Ask HN: For every article you read, how many do you save for later? - Jackmc1047

This question came to me when I was checking out Aaron Swartz&#x27;s Amazon wishlist. Aaron had 1,253 items on his wishlist and 139 items on his Finished Reading list so it appears he found about 9 books he planned on reading for each one that he read.<p>With apps like Readability it&#x27;s often easy to see how many articles or blog posts you&#x27;ve read vs how many you plan to read. Do you find yourself saving things to read later at an unsustainable pace? What&#x27;s your ratio?
======
mercer
I've organically come to a system that works pretty well for me.

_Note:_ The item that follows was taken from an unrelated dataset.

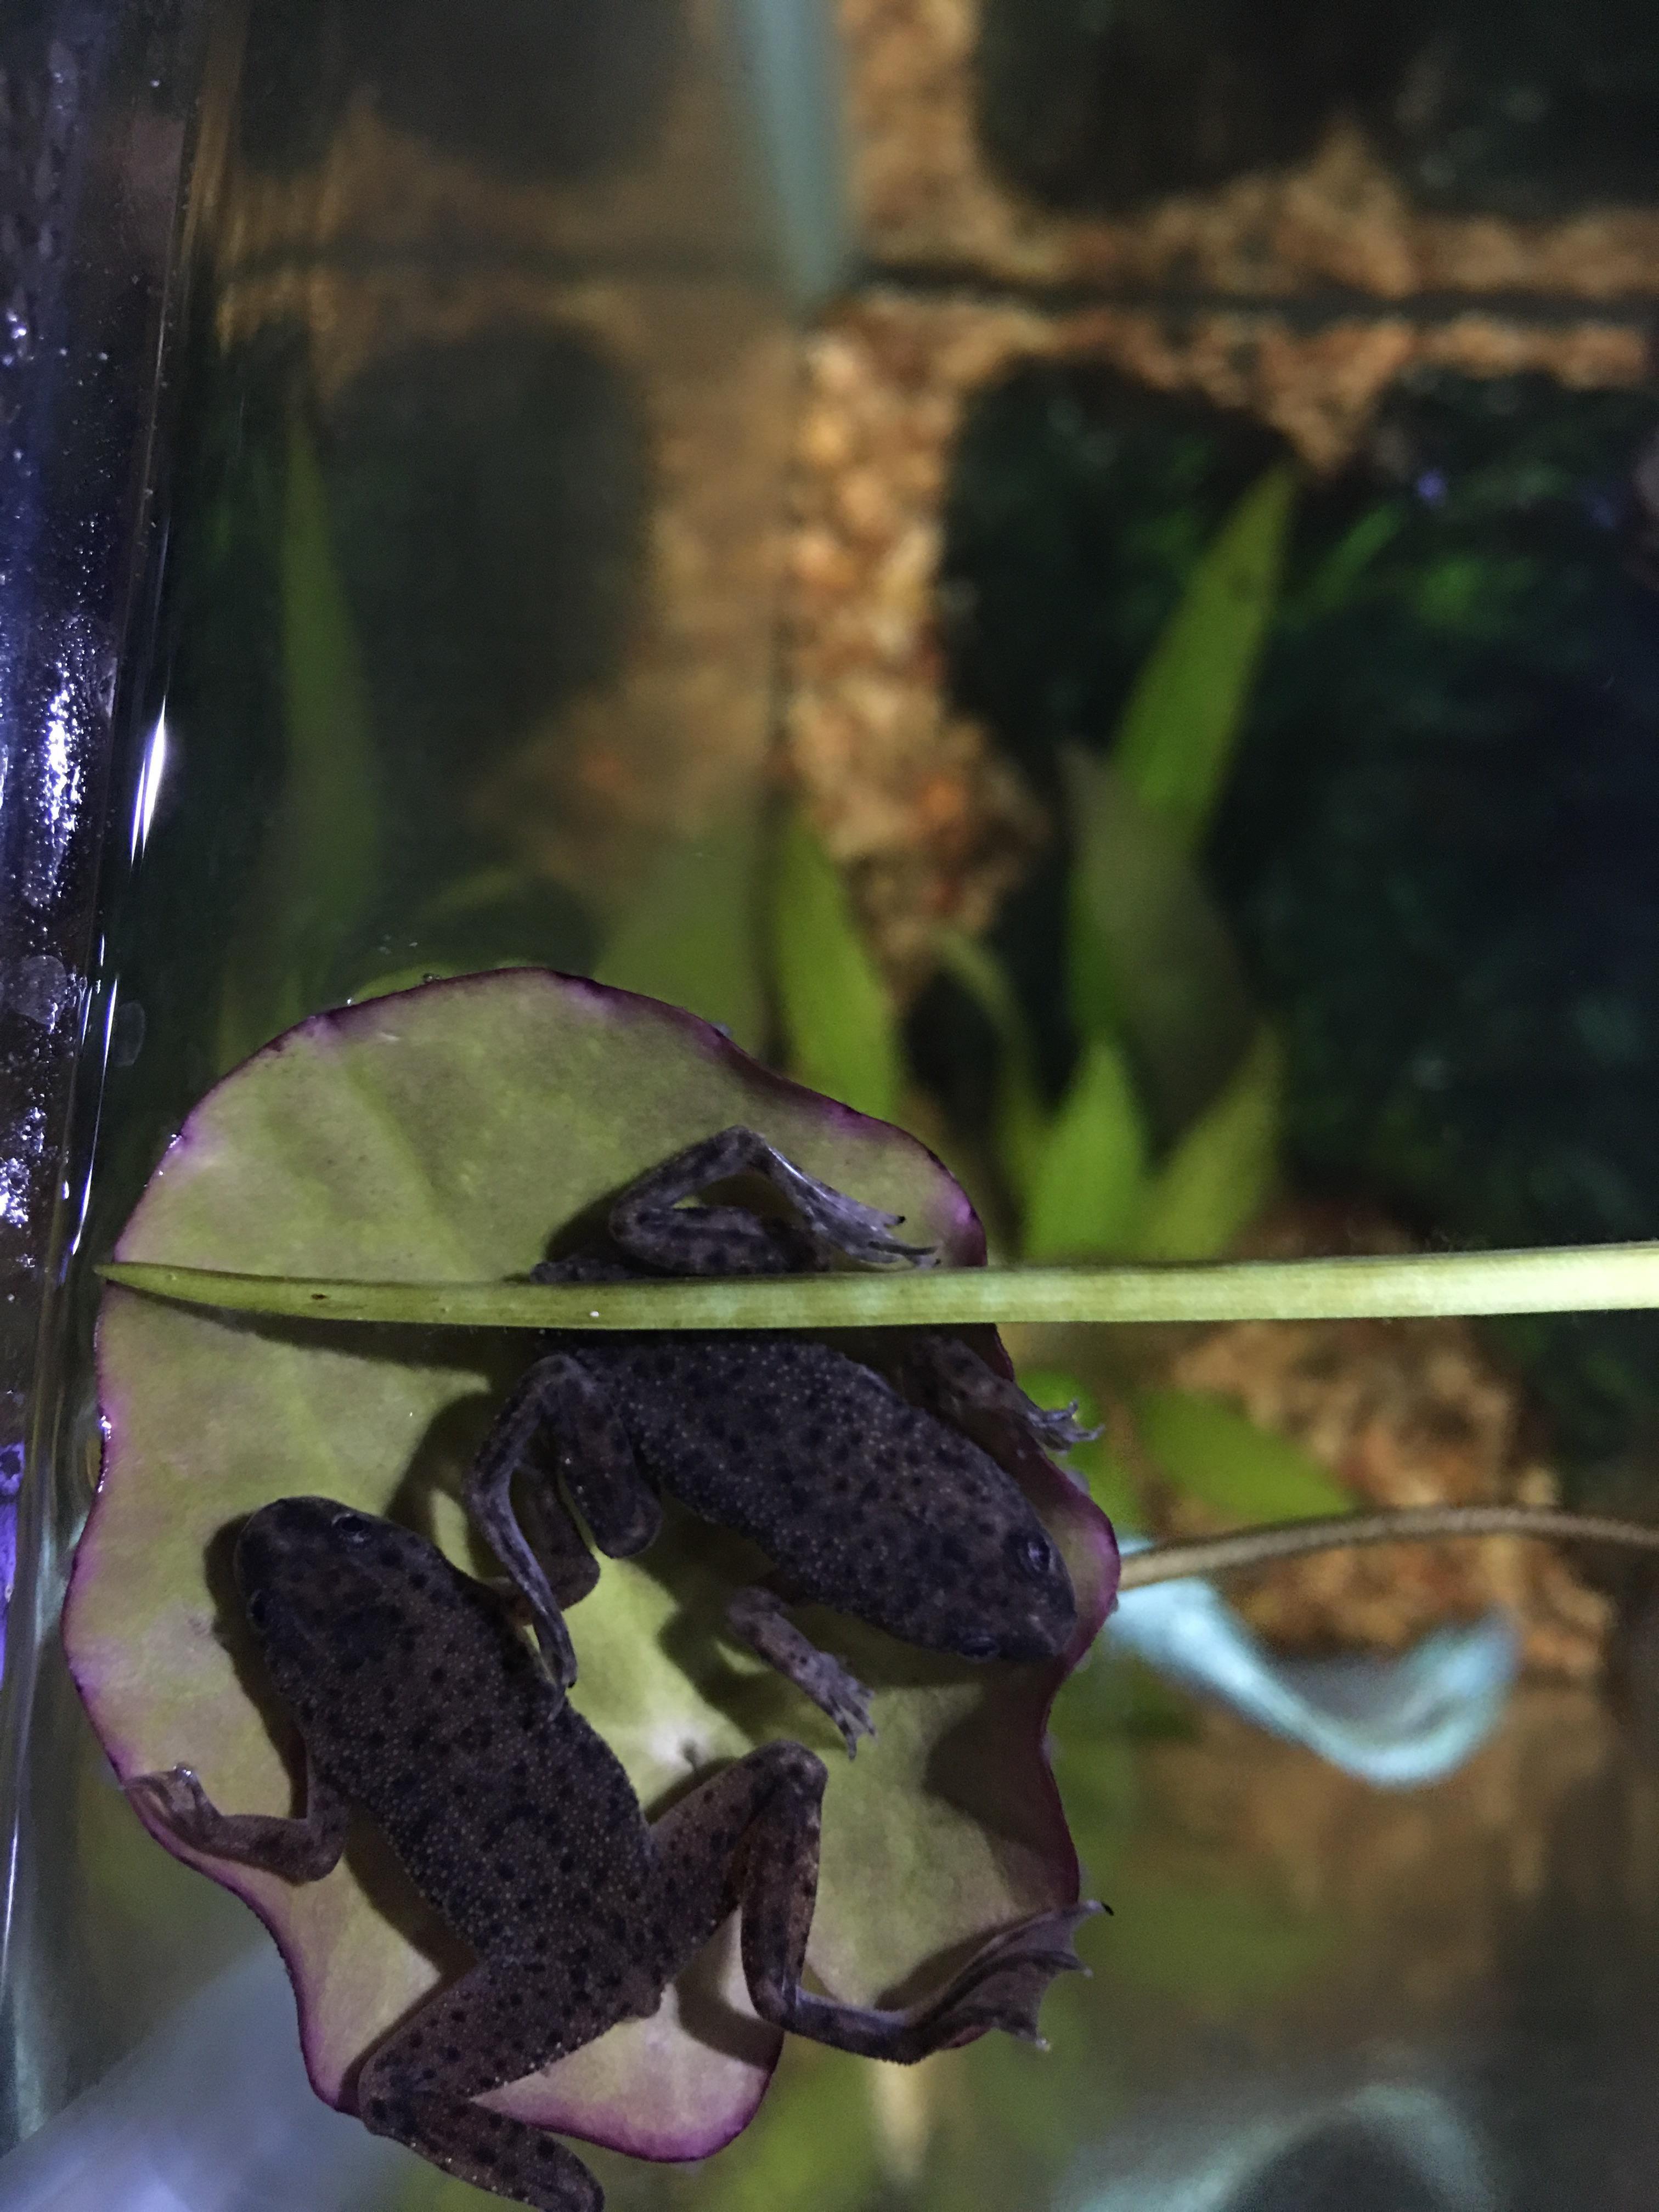 African Dwarf Frogs Enjoying Their New Banana Plant Http Ift Tt

I browse HN, reddit, Zite (iPad), and sometimes click on links in my fb feed.
That's my 'inbox'. Then:

1\. Anything I feel like reading right away, I read. 2\. an actual article,
usually more long-form, I add to my instapaper list. 3\. an article that might
be interesting, but not right away, or anything else that is worth saving, but
not useful right away, I add to Pocket. 4\. for any comment pages, or articles
that somehow don't go through step 2 or 3, I add them to my OneTab list (by
far my most-used chrome plugin). Often these are just things I can't read
right away, but I'll probably look at later in the day, or things that
instapaper can't handle (HN comments). 5\. anything that really stands out, I
either add to my OmniFocus inbox, or to my Wunderlist inbox (Because I don't
have OF on my phone).

With that done, here's how I process stuff: 1\. when at my computer, I tend to
first check my OneTab backlog. I open a few tabs, and read through them. This
is generally during work breaks or lazy moments. 2\. On the road, particularly
short commutes, I read instapaper articles. I intentionally kept myself from
getting internet on my phone so I'll keep from aimless browsing. Interesting
snippets or articles then go to my Wunderlist inbox for later processing. 3\.
On longer trips, or significant downtime, I generally look at Instapaper for
the 'better' material. 4\. every once in a while, or when I'm reminded of
something I read a while back, I check my Pocket 'dump' for the relevant
material.

All in all, this kind of just started happening through use. I didn't agonize
over a workflow, and I'm not sure it's optimal. But it works pretty well.

------
cik
I actually have a different workload. Rather than read it, and save for later,
I add my links to Pocket first, then read from there. That lets me absorb far
more possibility - then read when I feel like it.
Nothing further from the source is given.